Can biological toxicity drive the contrasting behavior of platinum and gold in surface environments?

In spite of the similar chemical properties of gold (Au) and platinum (Pt), Au is highly mobile in surface environments, whereas Pt appears to be far less so. In this study we assess if geomicrobial processes are likely to cause these differences, as the mobility of Pt and Au should differ little based on thermodynamic solubility alone. To achieve an accurate comparison it is important that both metals occur in the same environment. Mineral- and groundwater samples were obtained from the Fifield Pt–Au field in New South Wales, Australia, where Pt and Au nuggets occur in a series of Tertiary eluvial and alluvial paleo-placers. In particular, we studied the μm-scale dispersion of Au and Pt within an extraordinary 10 mm-sized fragment of ferruginous paleochannel material, which contained abundant native Au- and isoferroplatinum grains. Gold grains displayed complex secondary morphologies indicative of biogeochemical transformations, whereas isoferroplatinum grains appeared smooth and well-rounded and showed no signs of supergene transformation. Gold grains were surrounded by a dusting of highly pure metallic Au particles (< 10 nm to > 10 μm in diameter), whereas no metallic Pt particles were detected. A search for ionic Pt was also unsuccessful. A series of biotic and abiotic incubation experiments was conducted to investigate the hypothesis that these differences in mobility are driven by interactions with microbiota. Biofilms consisting of metallophilic bacteria formed on ultraflat Au surfaces and caused significant surface transformations. In contrast, only subtle changes were observed on Pt surfaces incubated under similar conditions. Minimal inhibitory concentrations for Au complexes are more than an order of magnitude lower than those measured for Pt complexes in Cupriavidus metallidurans cells. This higher cell-toxicity of mobile Au- compared to Pt-complexes can lead to toxic levels of mobile Au in the vicinity of Au grain surfaces. The elevated toxicity drives the formation of Au-detoxifying biofilms that catalyze the biomineralization of spheroidal nano-particulate and bacteriomorphic Au. In contrast, this does not occur on isoferroplatinum grains due to the lower toxicity of Pt. In conclusion, these results are consistent with microbial adaptation to element toxicity driving the cycling of precious metals in surface environments.

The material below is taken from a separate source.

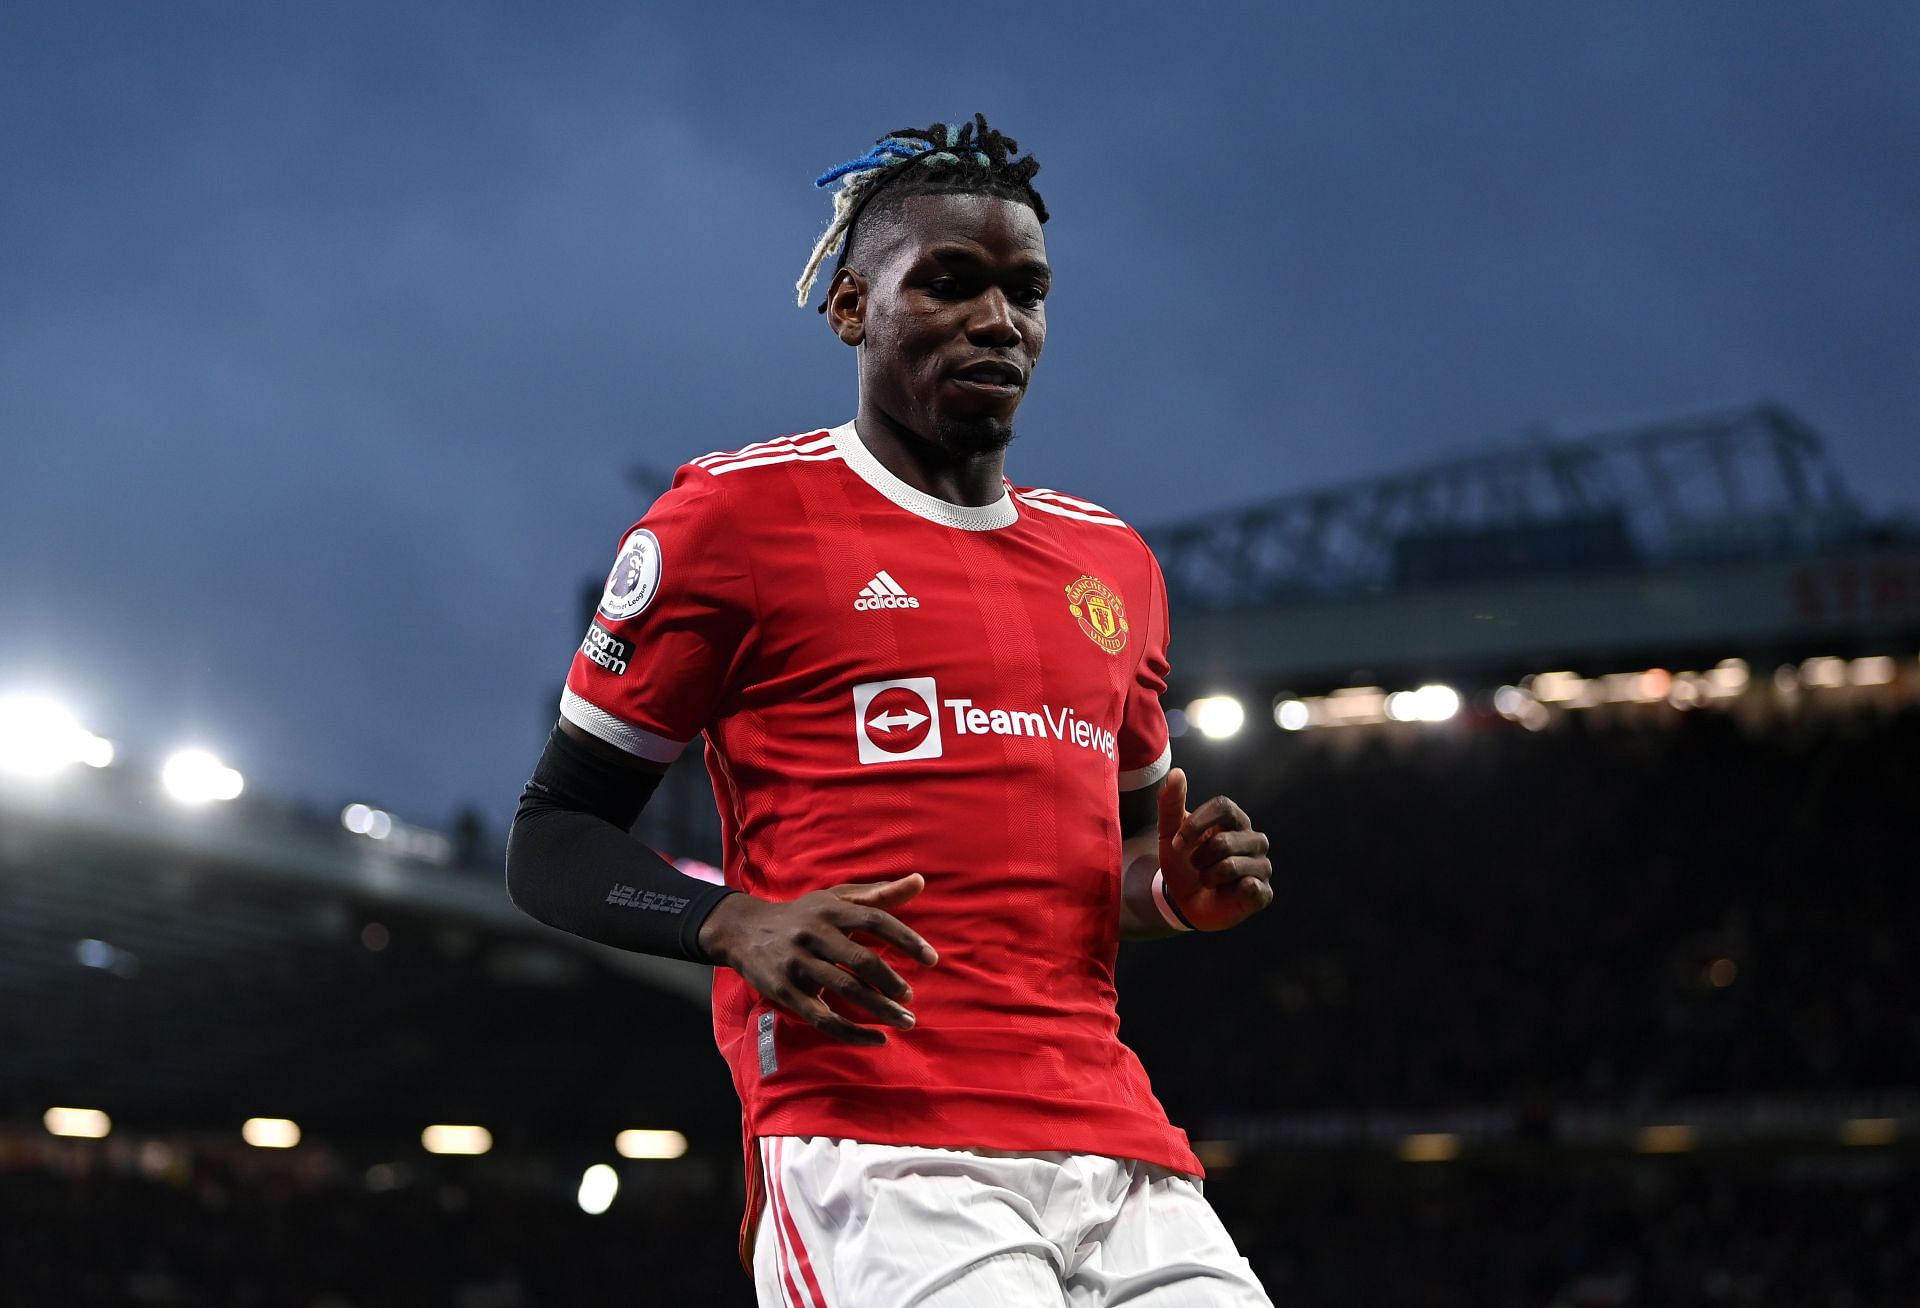 Paddy Kenny has advised Manchester United to cash in on Paul Pogba in January.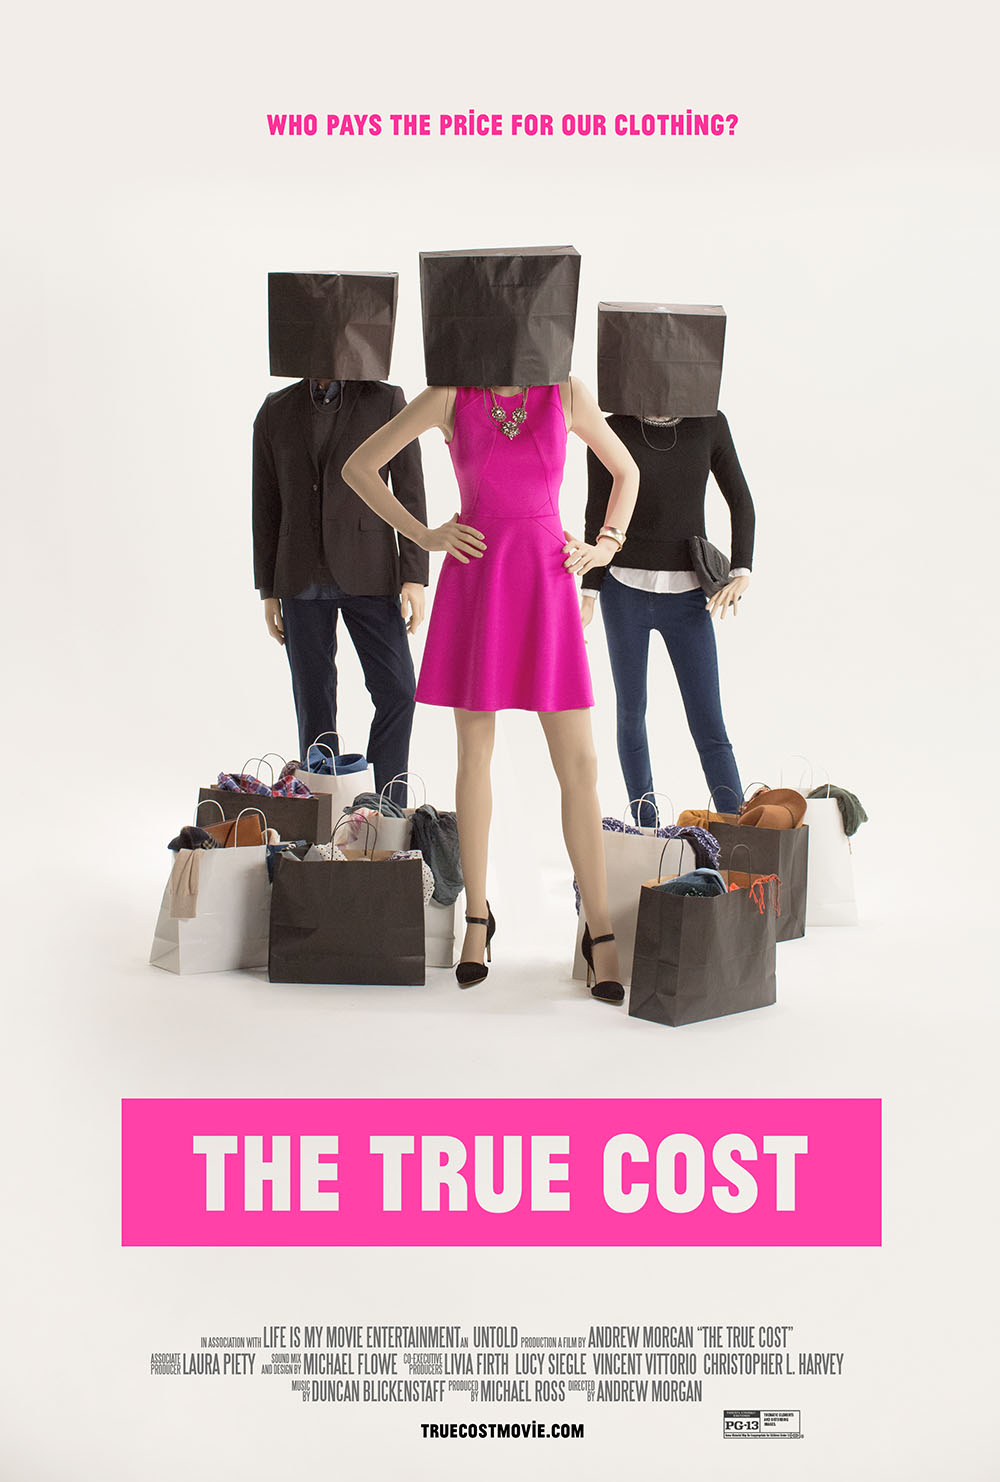 The True Cost movie poster.

► Gold mobility and Pt mobility differ drastically in placers at Fifield, Australia.
► Gold- but not Pt-, nano- and micro-particles are dispersed in adjacent materials.
► Gold nano-particles are drivers of Au dispersion in semi-arid environments.
► Bacteria behave differently to mobile complexes- and metallic surfaces of Au and Pt.
► The different mobility is likely driven by biotoxicity and not chemical solubility.